Same as the original algorithm.

Splitting

This is a custom algorithm. It attempts to minimize intensive operations such as pre-sorting the children and comparing overlaps & area sizes. The desire is to do simple single axis distance calculations each child only once, with a target 50/50 chance that the child might be moved in-memory.

When a rect has reached it's max number of entries it's largest axis is calculated and the rect is split into two smaller rects, named left and right. Each child rects is then evaluated to determine which smaller rect it should be placed into. Two values, min-dist and max-dist, are calcuated for each child.
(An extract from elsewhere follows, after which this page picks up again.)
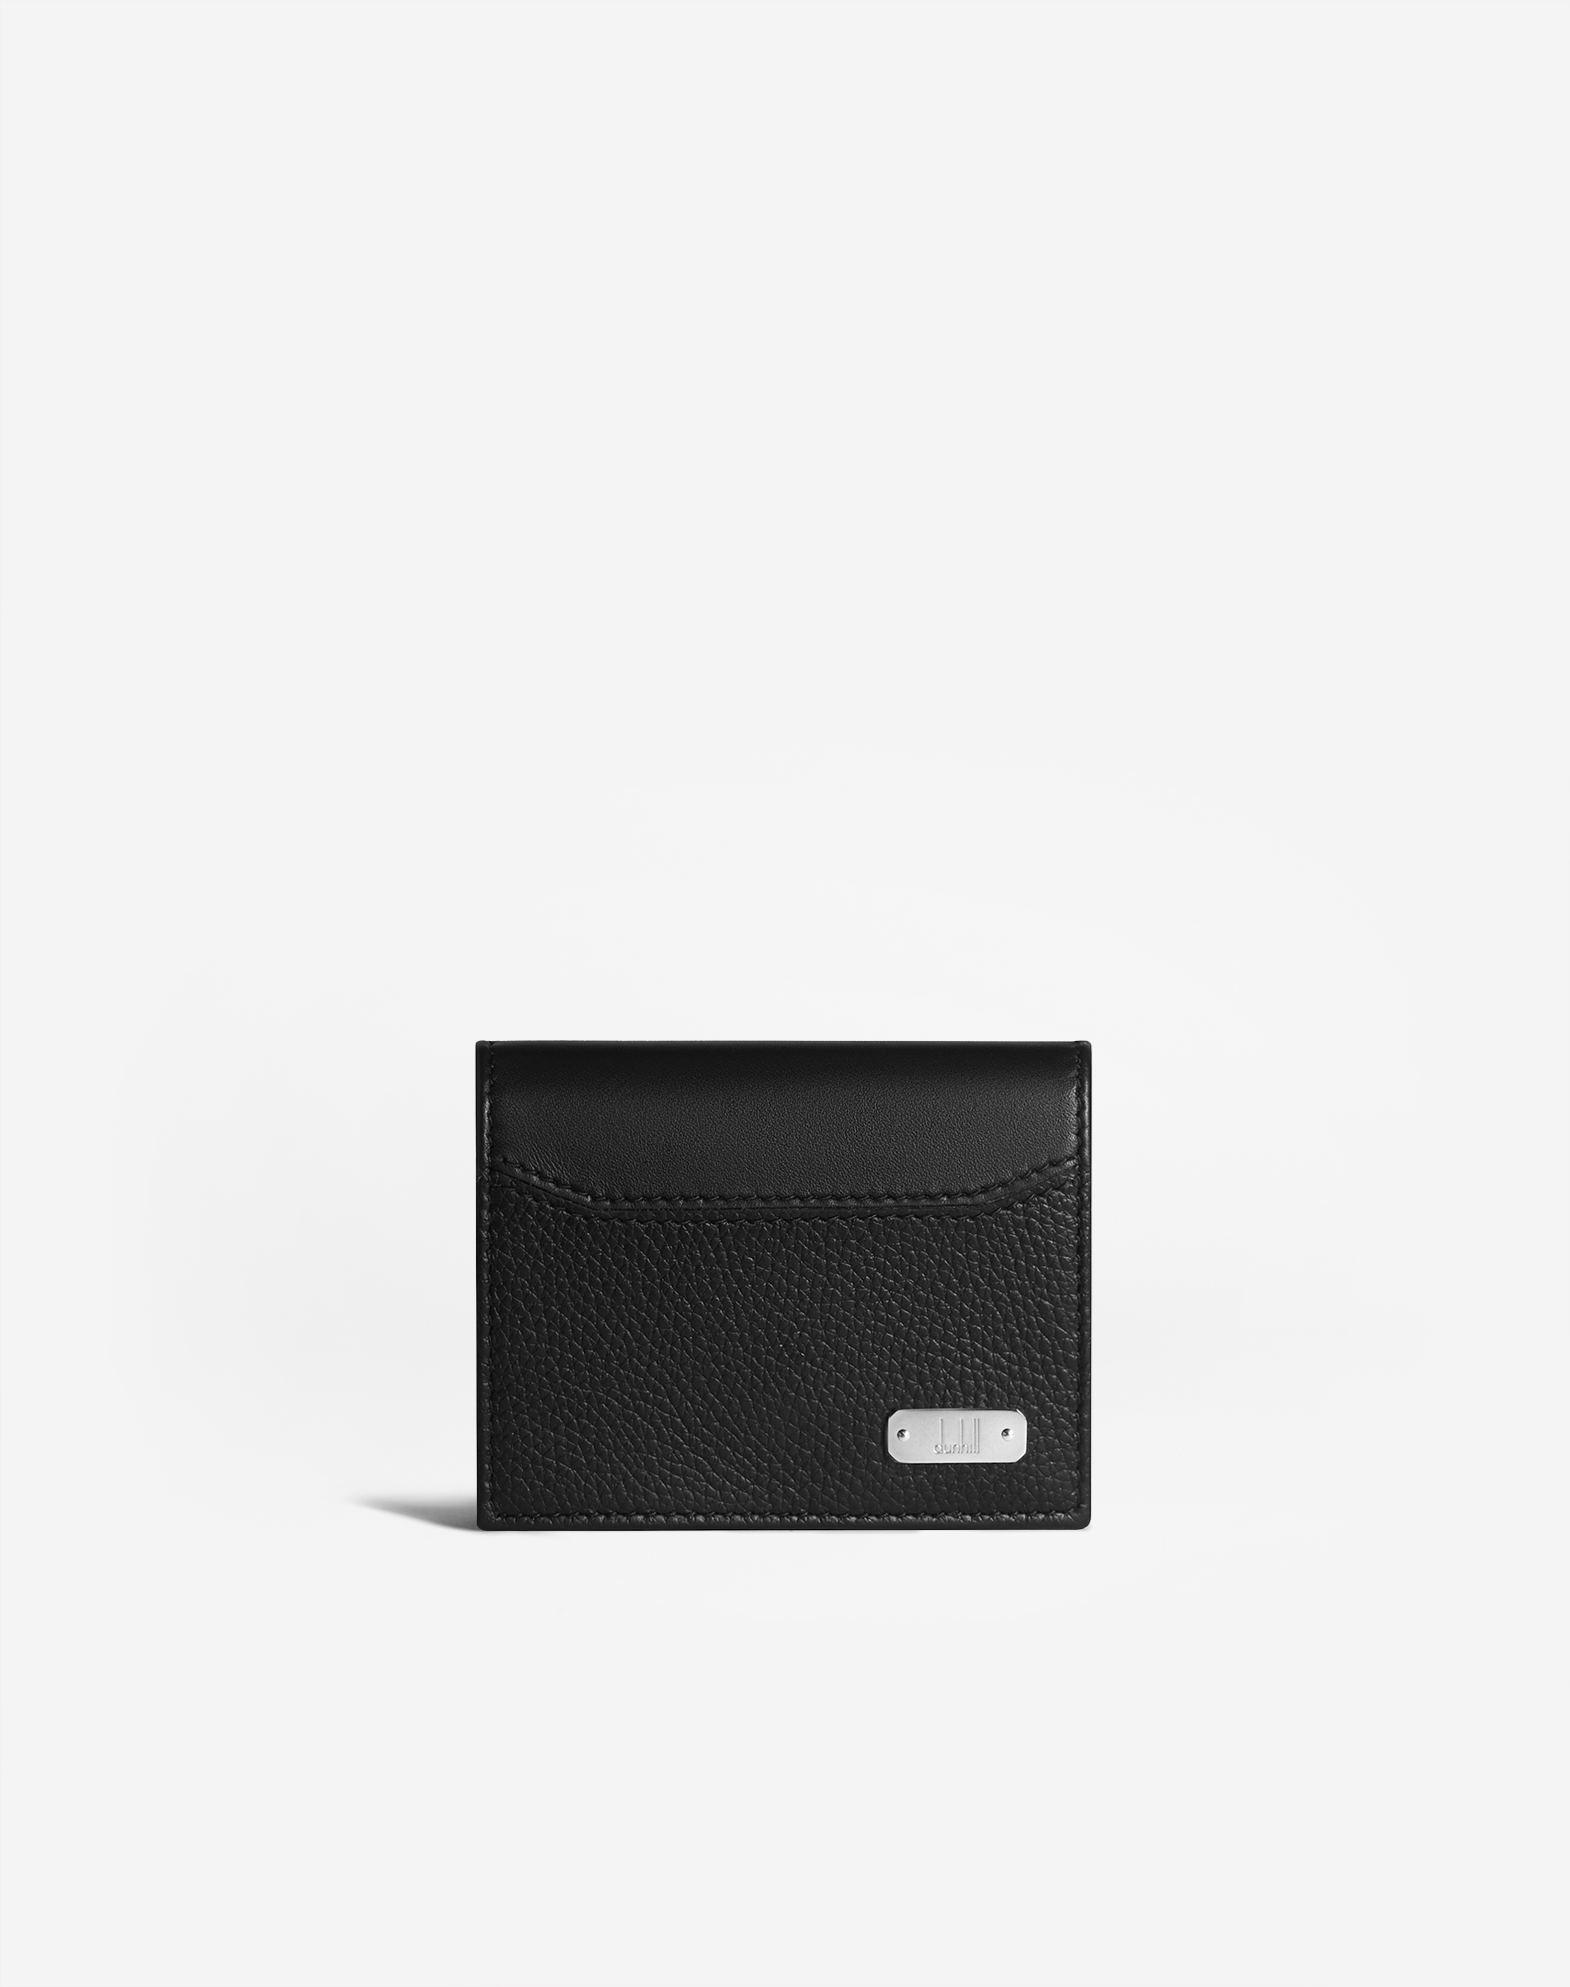 Dunhill 1893 Harness Coin Purse In Black

When the min-dist is less than max-dist then the child is placed into the left rect. When the max-dist is less than min-dist then the child is placed into the right rect. When the min-dist is equal to max-dist then the child is placed into an equal bucket until all of the children are evaluated. Each equal rect is then one-by-one placed in either left or right, whichever has less children.

Finally, sort all the rects in the parent node of the split rect by their minimum x value.

License

rtree source code is available under the MIT License.